§ WHAT YOU WILL DO: Repeat exactly what runs from the line containing "Modern Bathroom Interior" through the last line of the material below. Do not copy the pictures.

§ DATA EXTRACT:

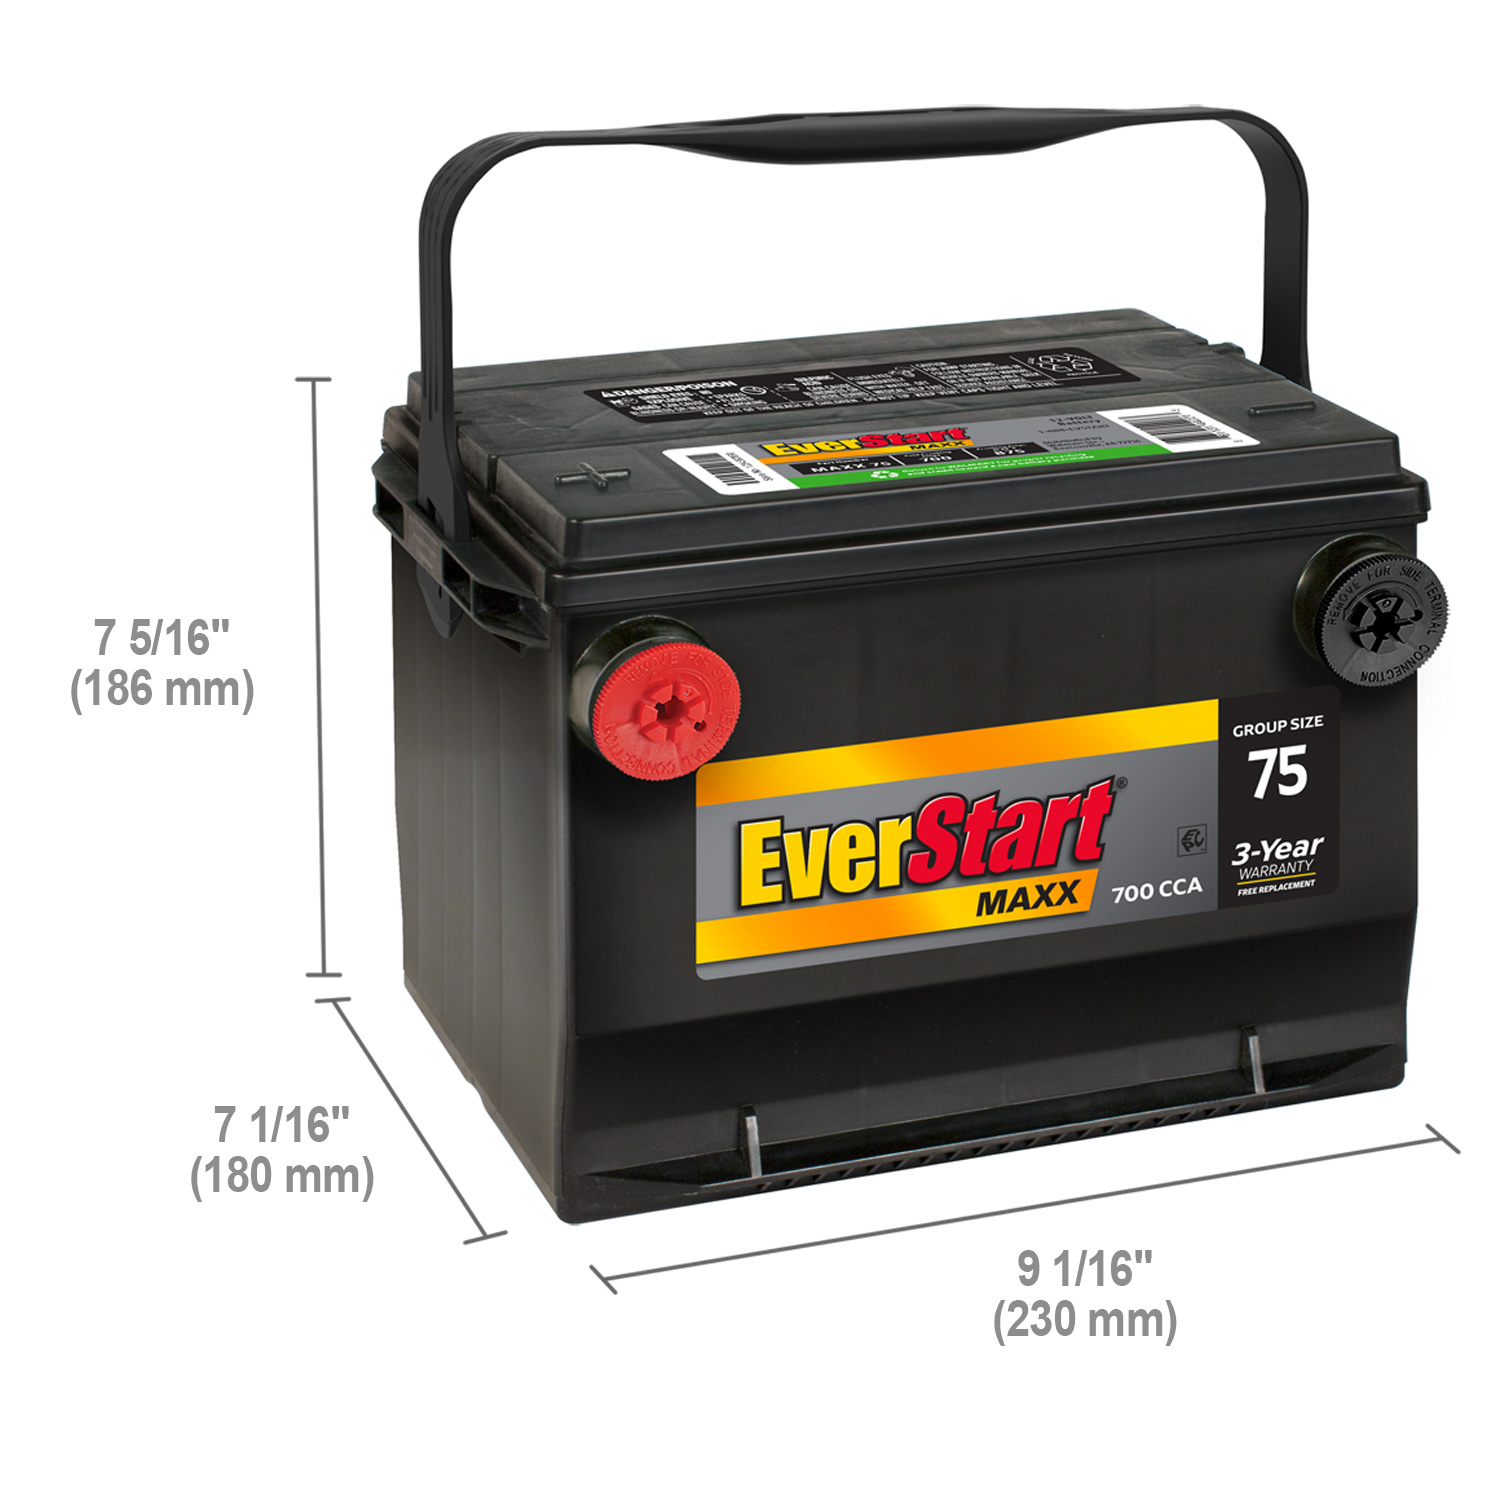 EverStart Maxx Lead Acid Automotive Battery, Group 75 12 Volt, 700 CCA - image 2 of 7
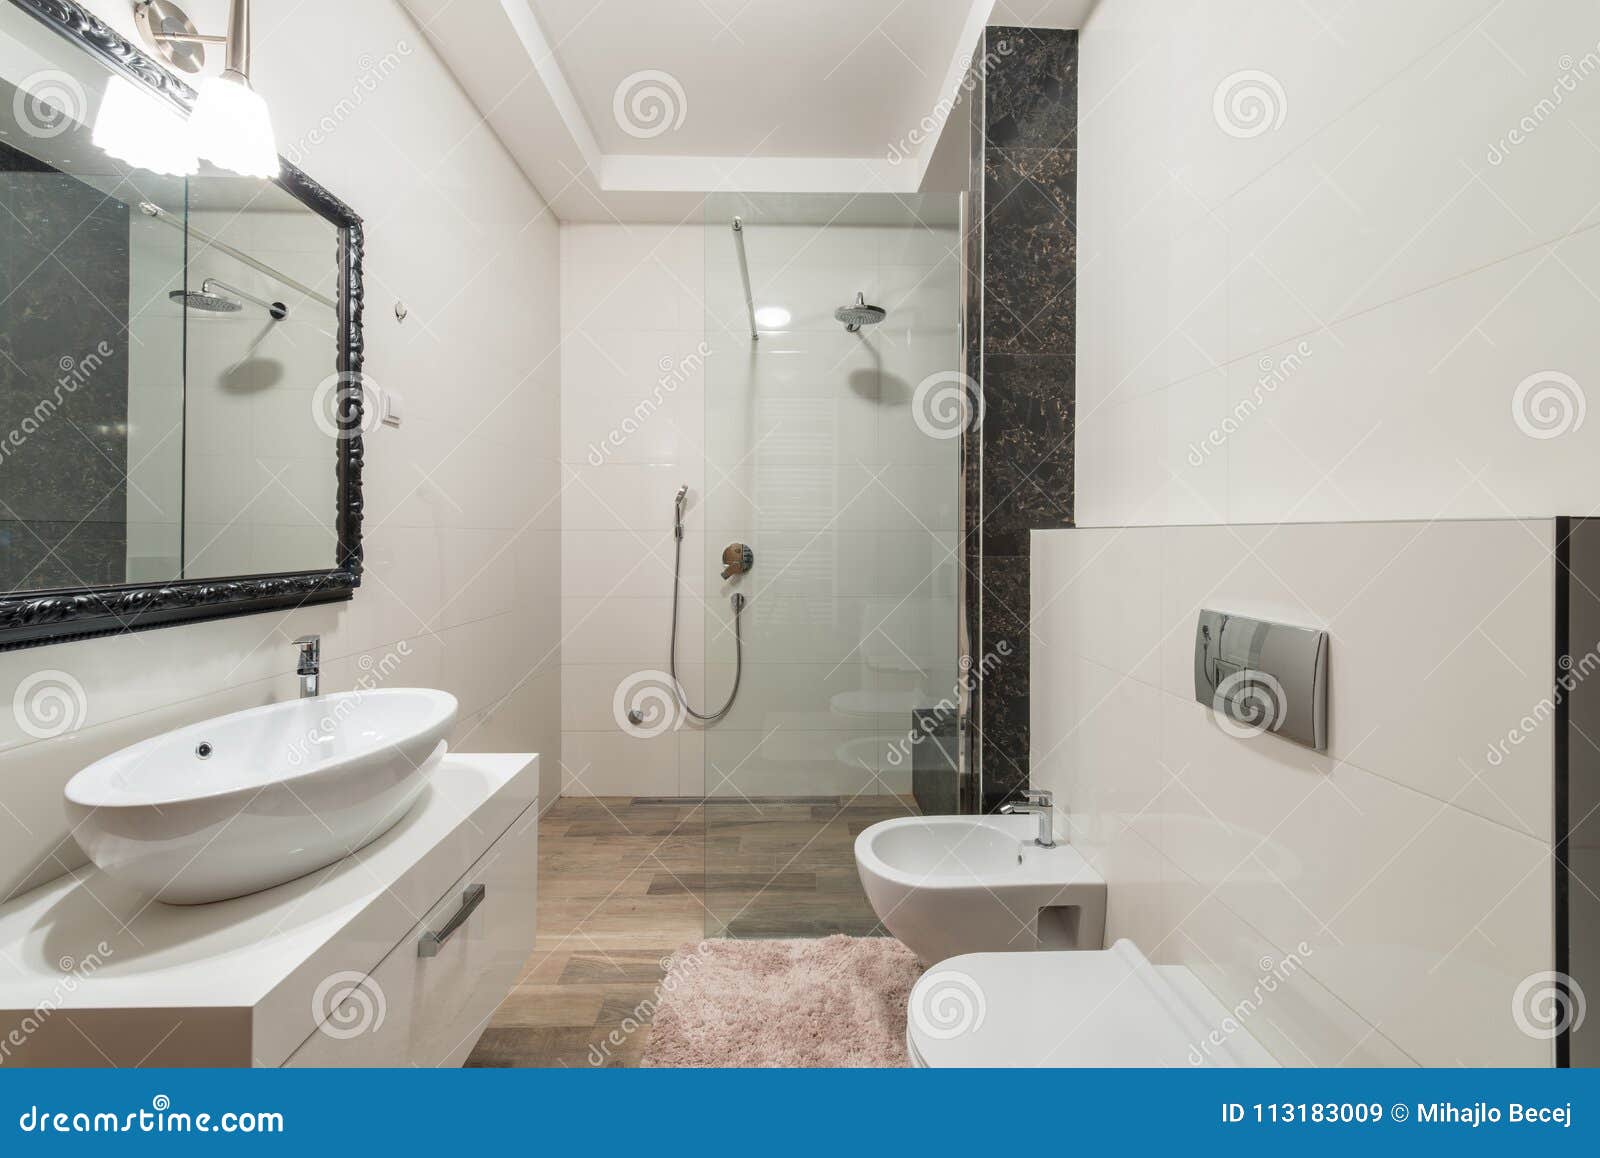 Modern Bathroom Interior with Shower Cabin in Luxury Villa Stock Image ...
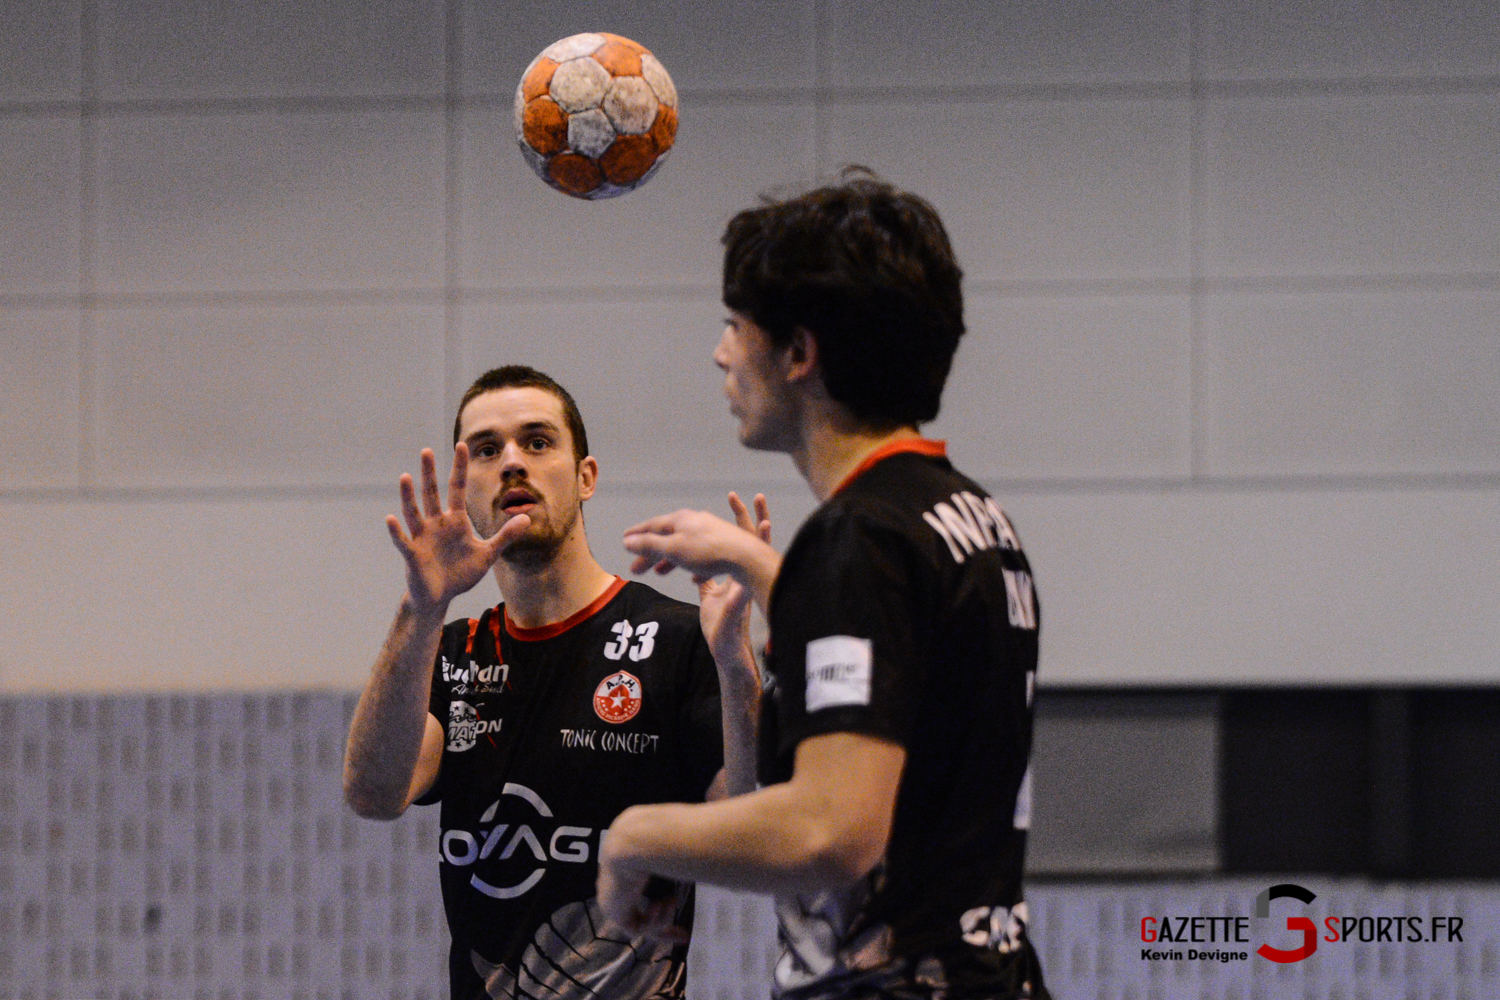 Handball Aph Vs Gonfreville Kevin Devigne 52

§ RESPONSE BOX:
 Modern Bathroom Interior with Shower Cabin in Luxury Villa Stock Image ...
 Handball Aph Vs Gonfreville Kevin Devigne 52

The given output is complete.